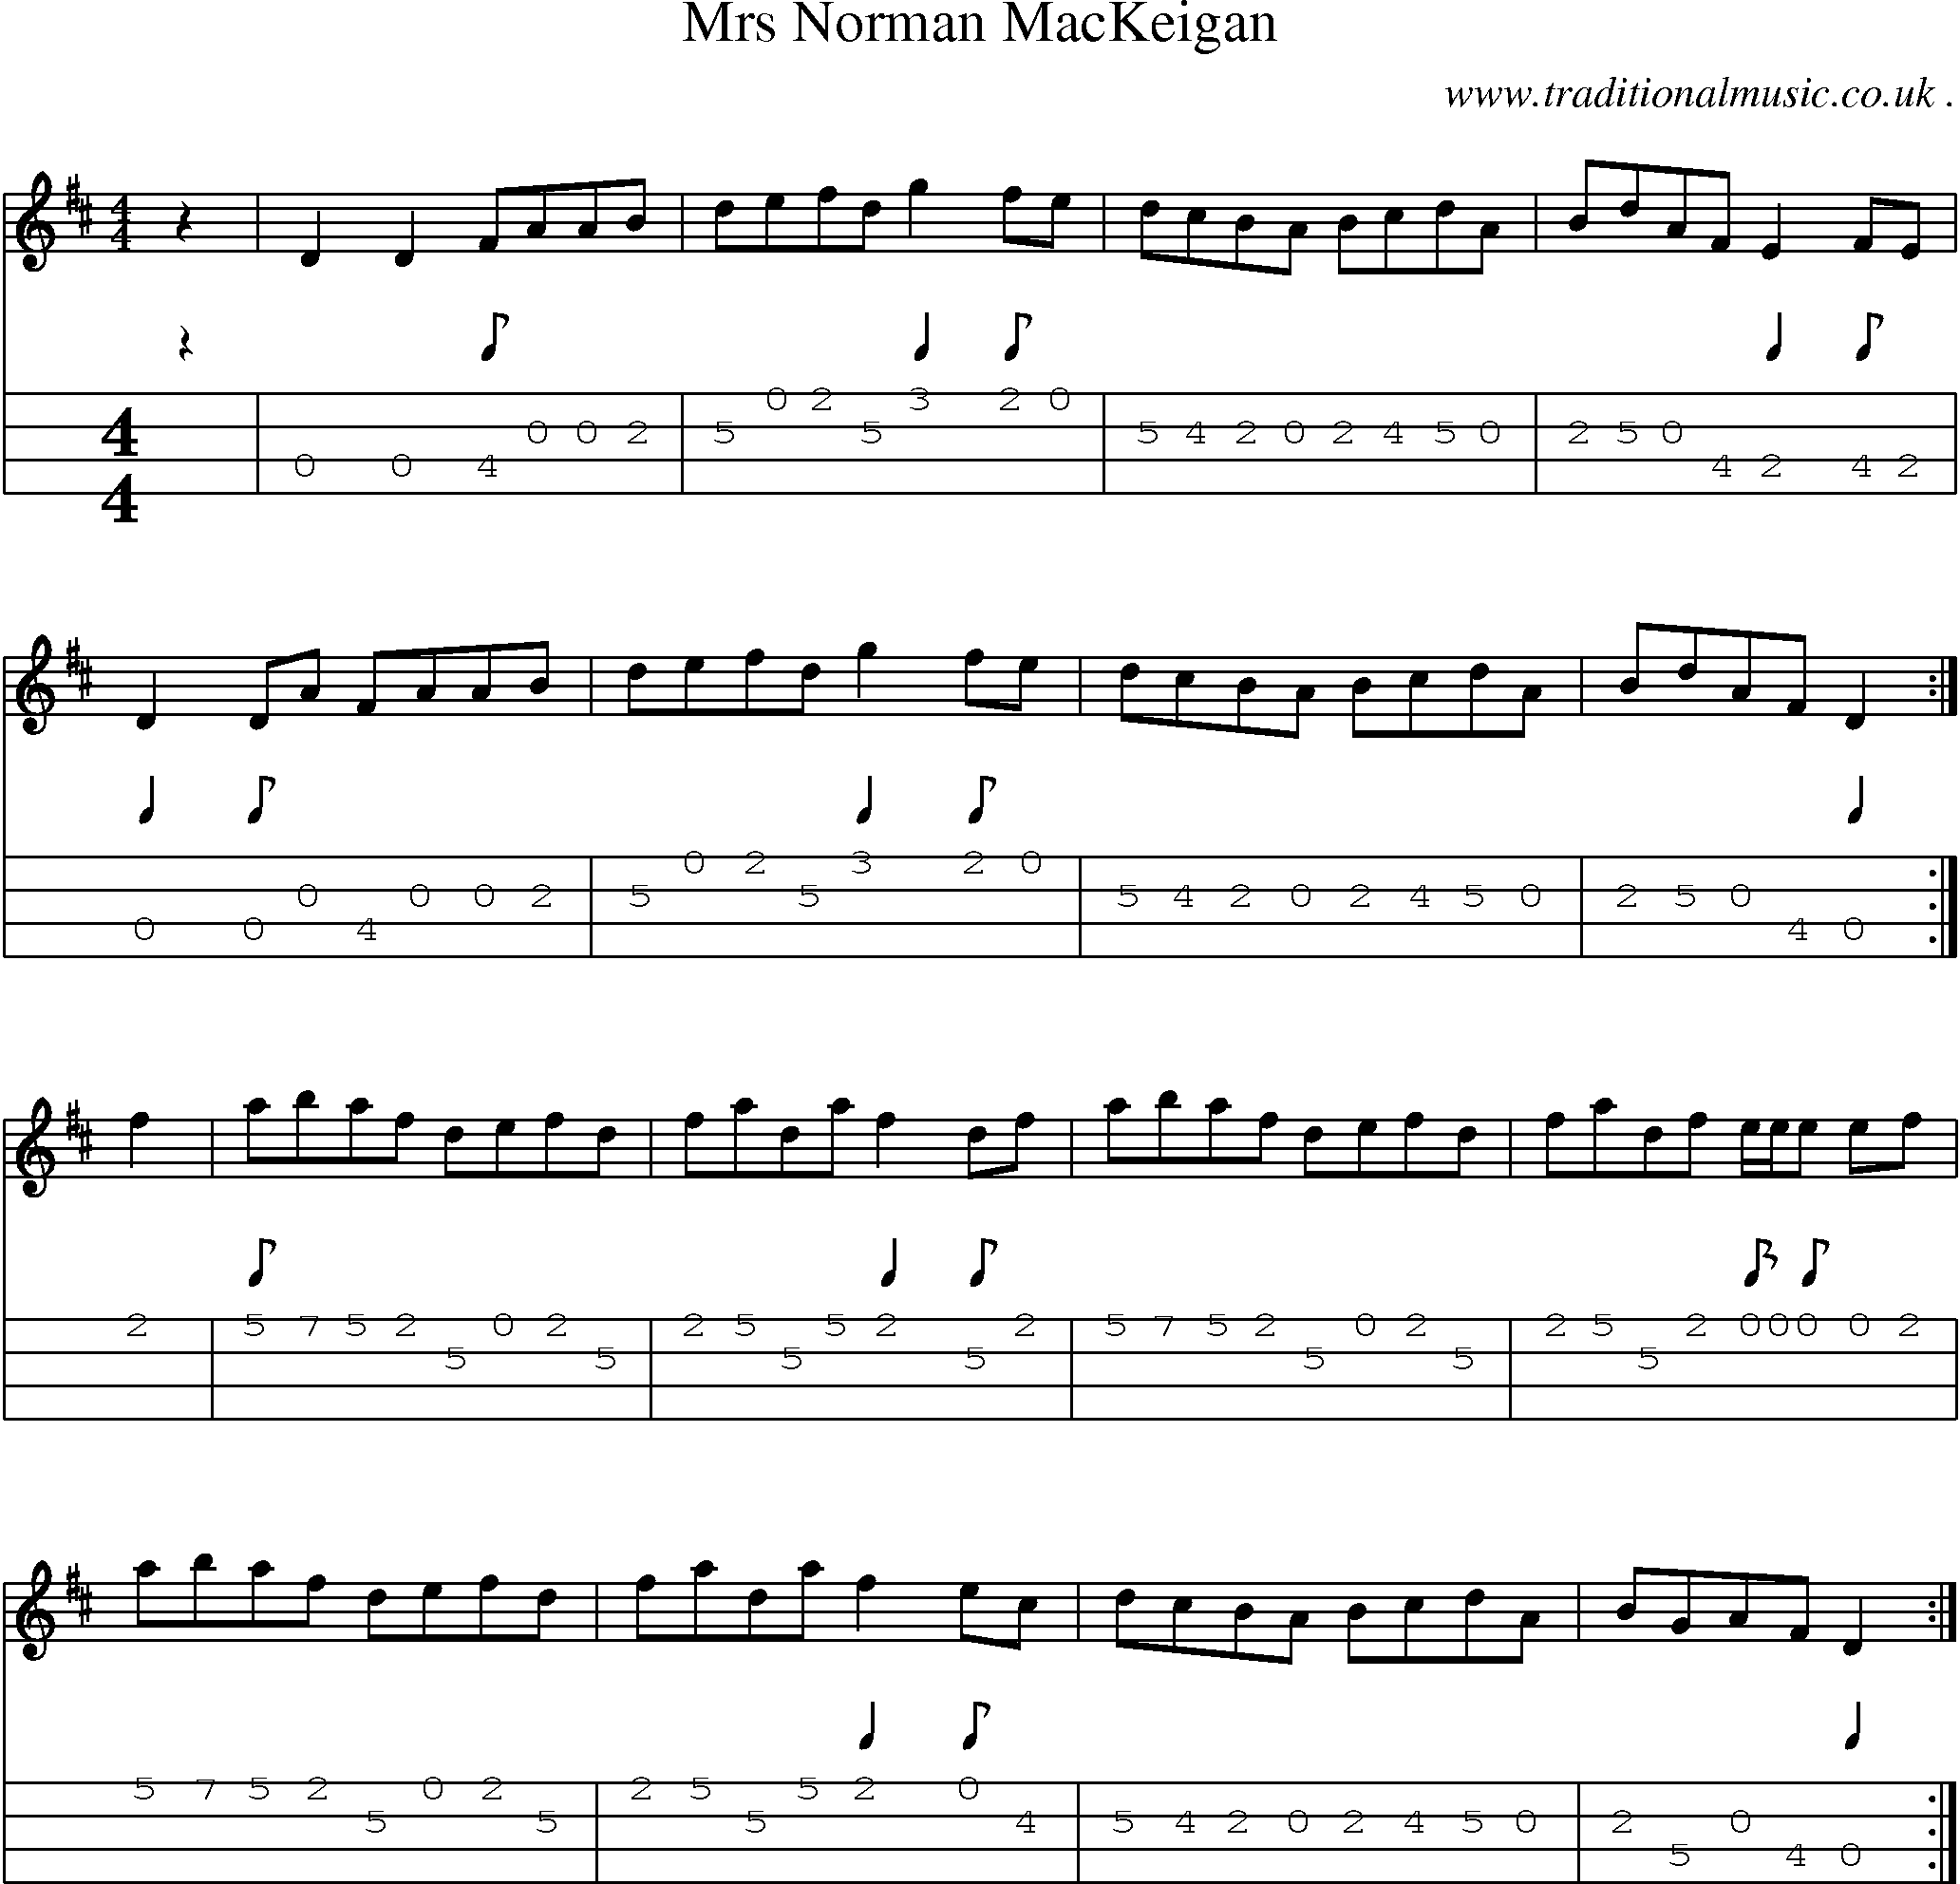 Sheet-music  score, Chords and Mandolin Tabs for Mrs Norman Mackeigan
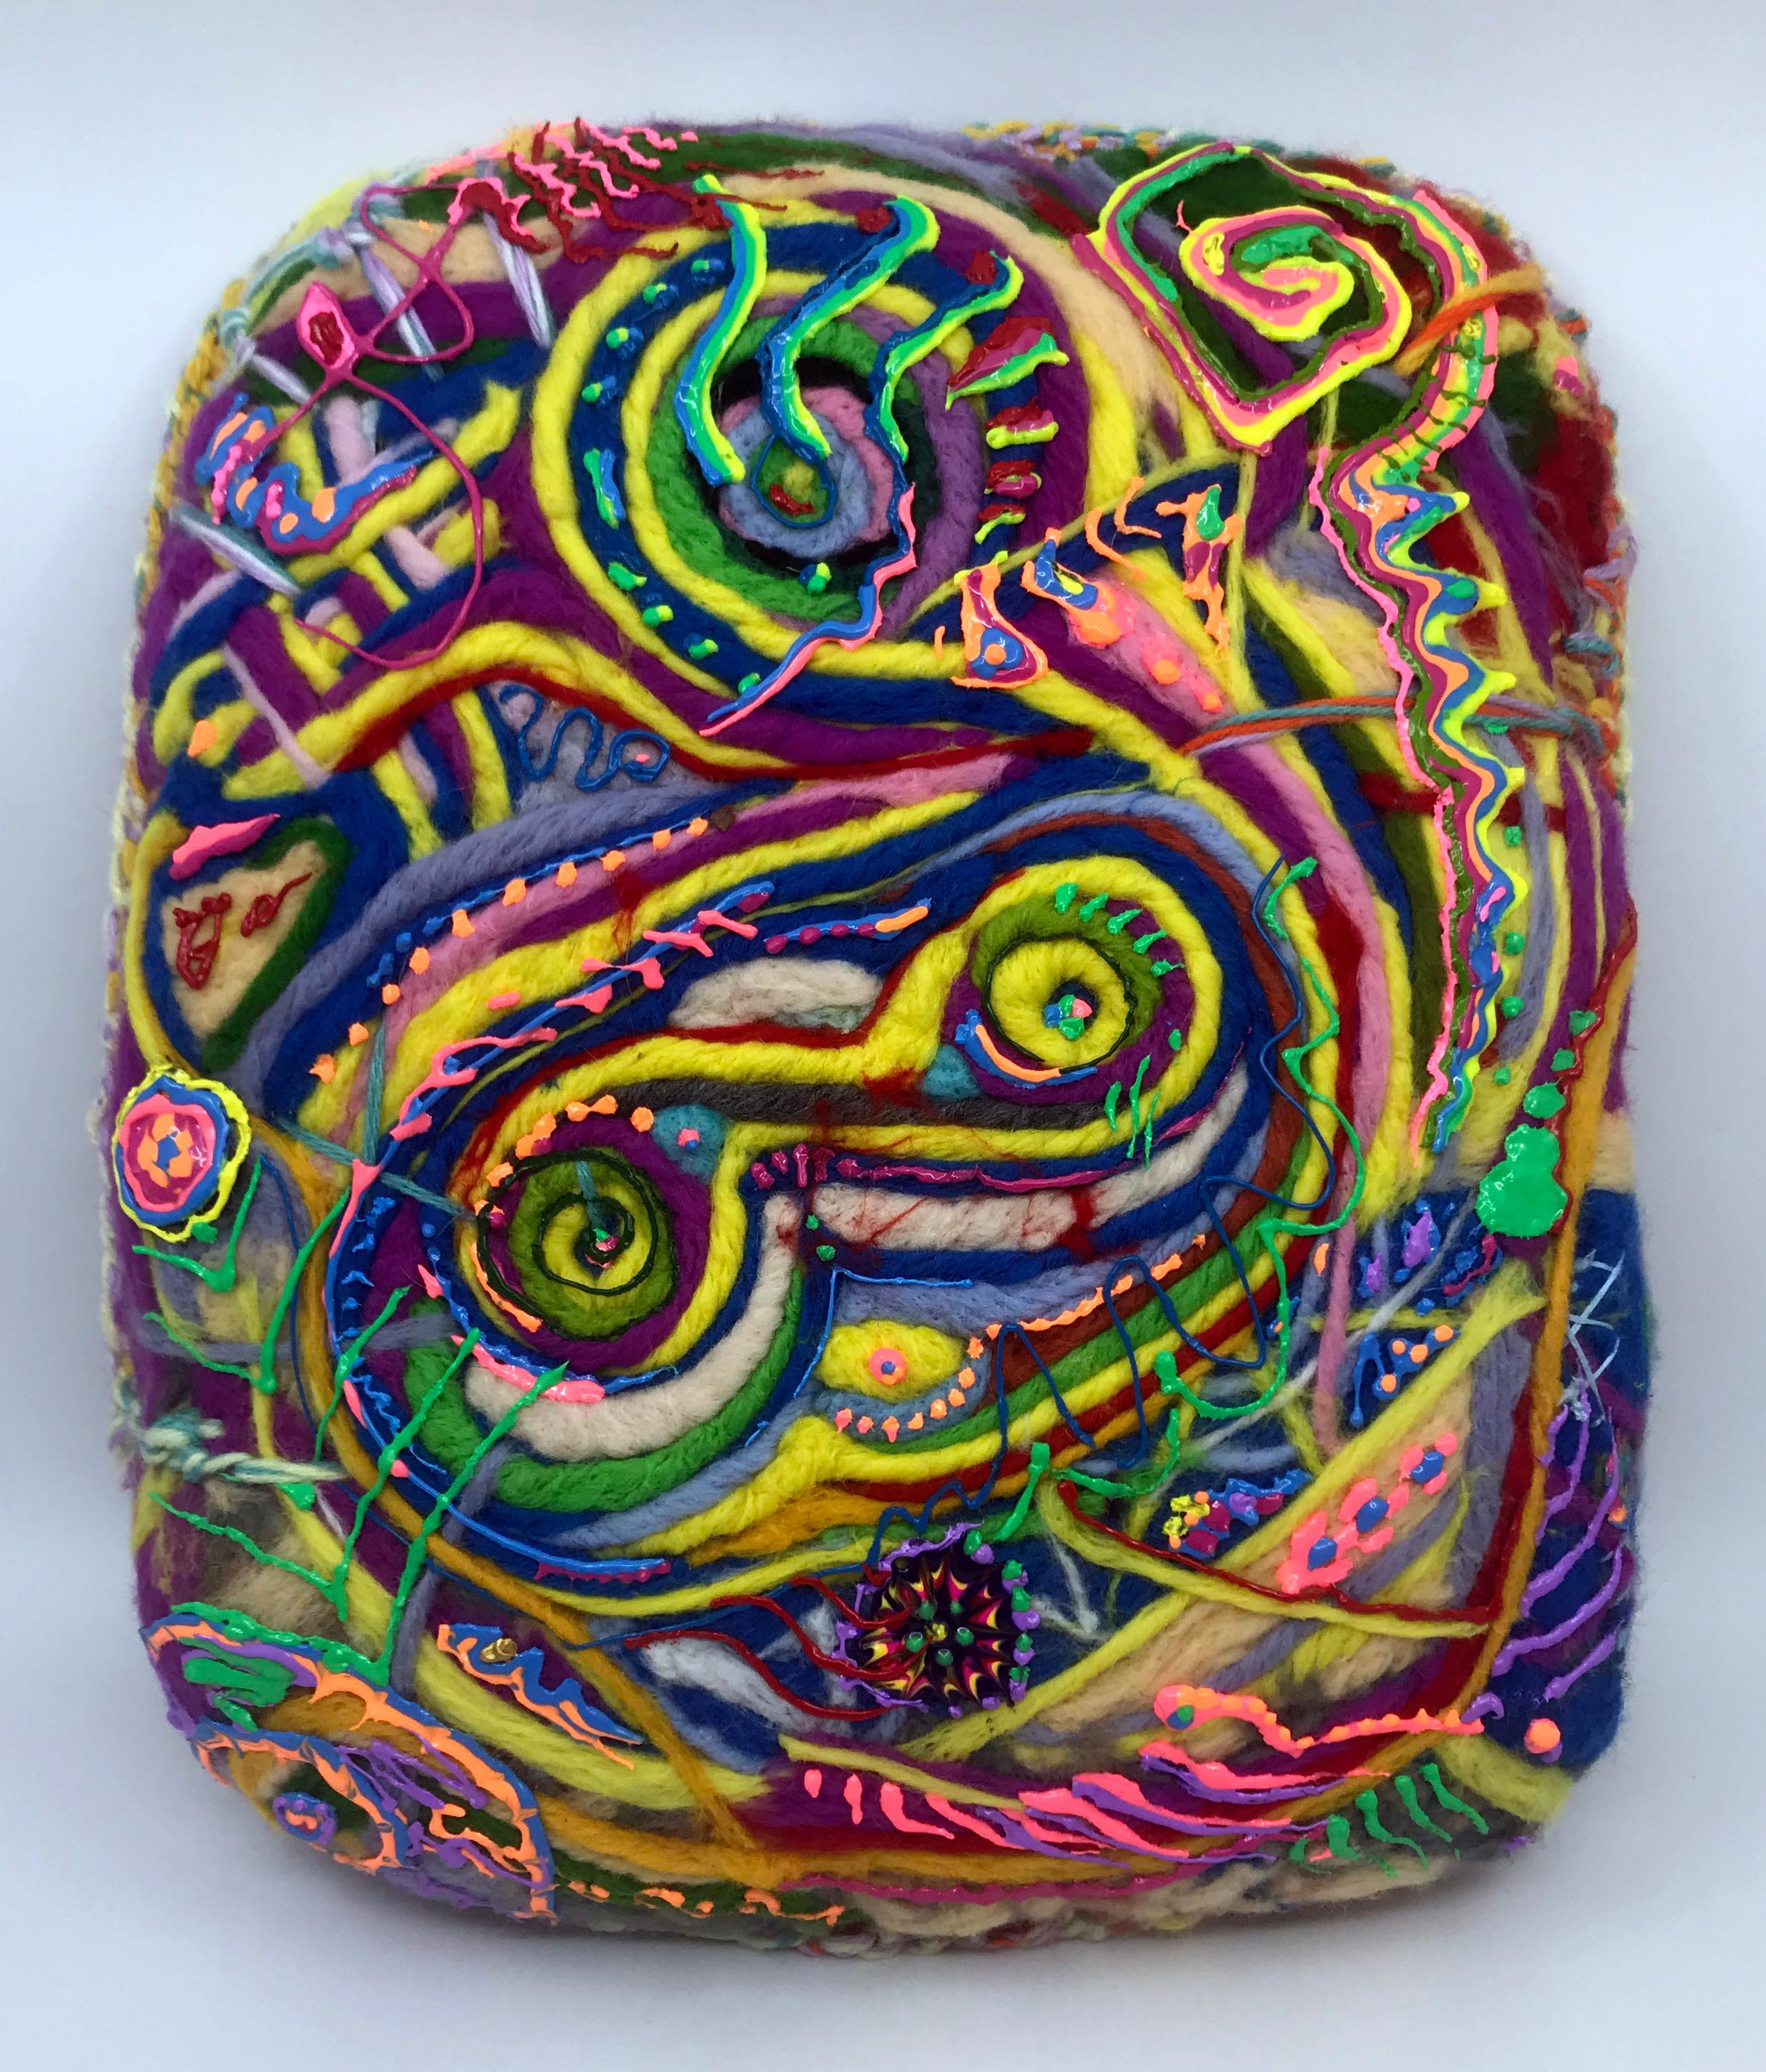 Ethan Meyer Abstract Sculpture - "A Tome of Whimsical Lore", Contemporary, Fiber, Mixed Media, Wall Hanging
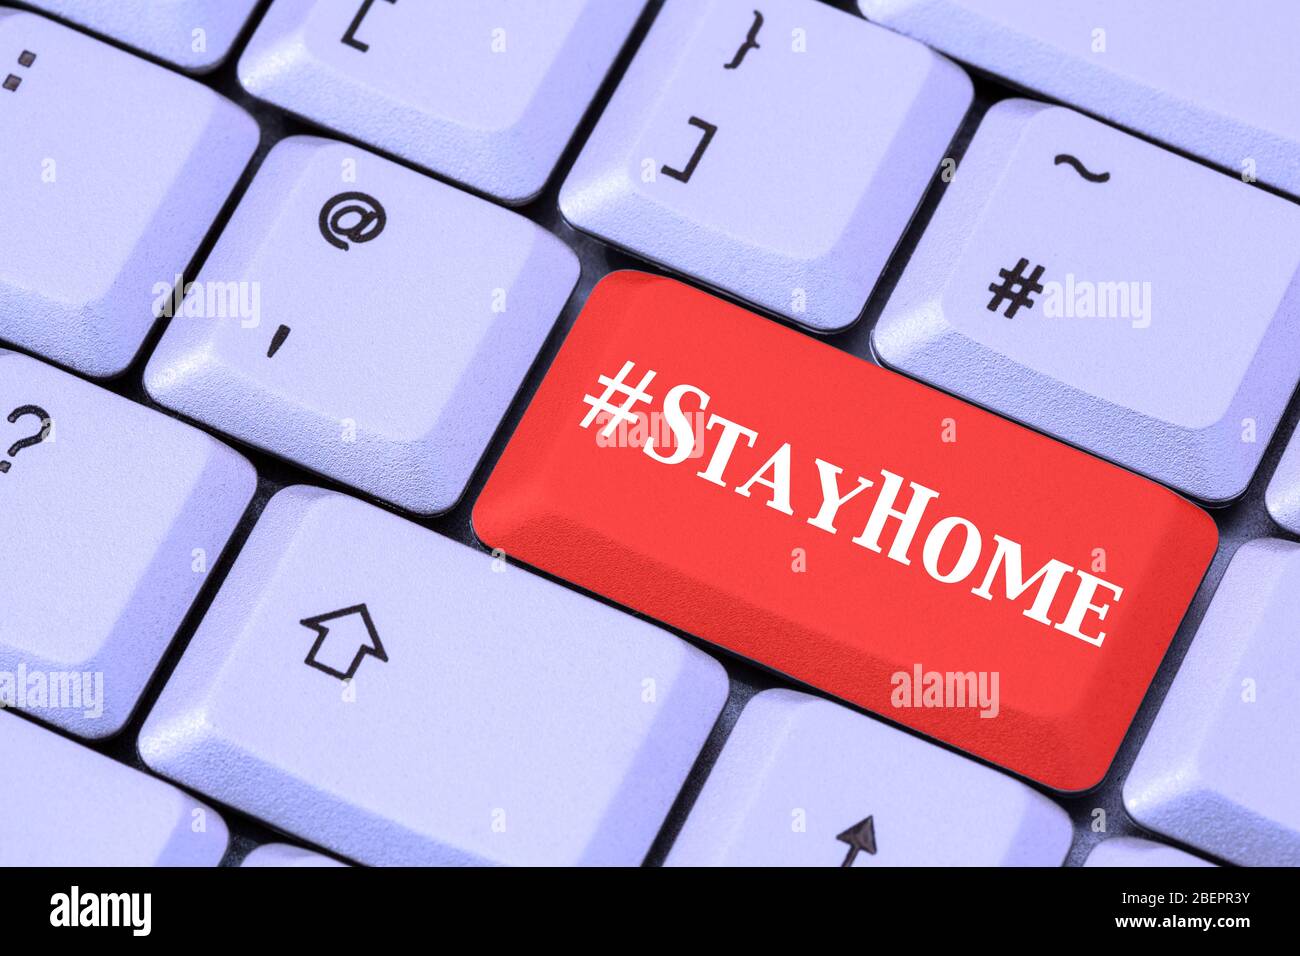 A keyboard with #StayHome on a red enter key. Covid-19 coronavirus pandemic stay at home lockdown concept in April 2020. England, UK, Britain Stock Photo

> _HOW TO COMPLETE THIS TASK_
Every line of the data above should be quoted exactly. Omit the pictures.

> _REPLY TO THE EXERCISE_
 Sheet-music  score, Chords and Mandolin Tabs for Mrs Norman Mackeigan
 Ethan Meyer Abstract Sculpture - "A Tome of Whimsical Lore", Contemporary, Fiber, Mixed Media, Wall Hanging
 A keyboard with #StayHome on a red enter key. Covid-19 coronavirus pandemic stay at home lockdown concept in April 2020. England, UK, Britain Stock Photo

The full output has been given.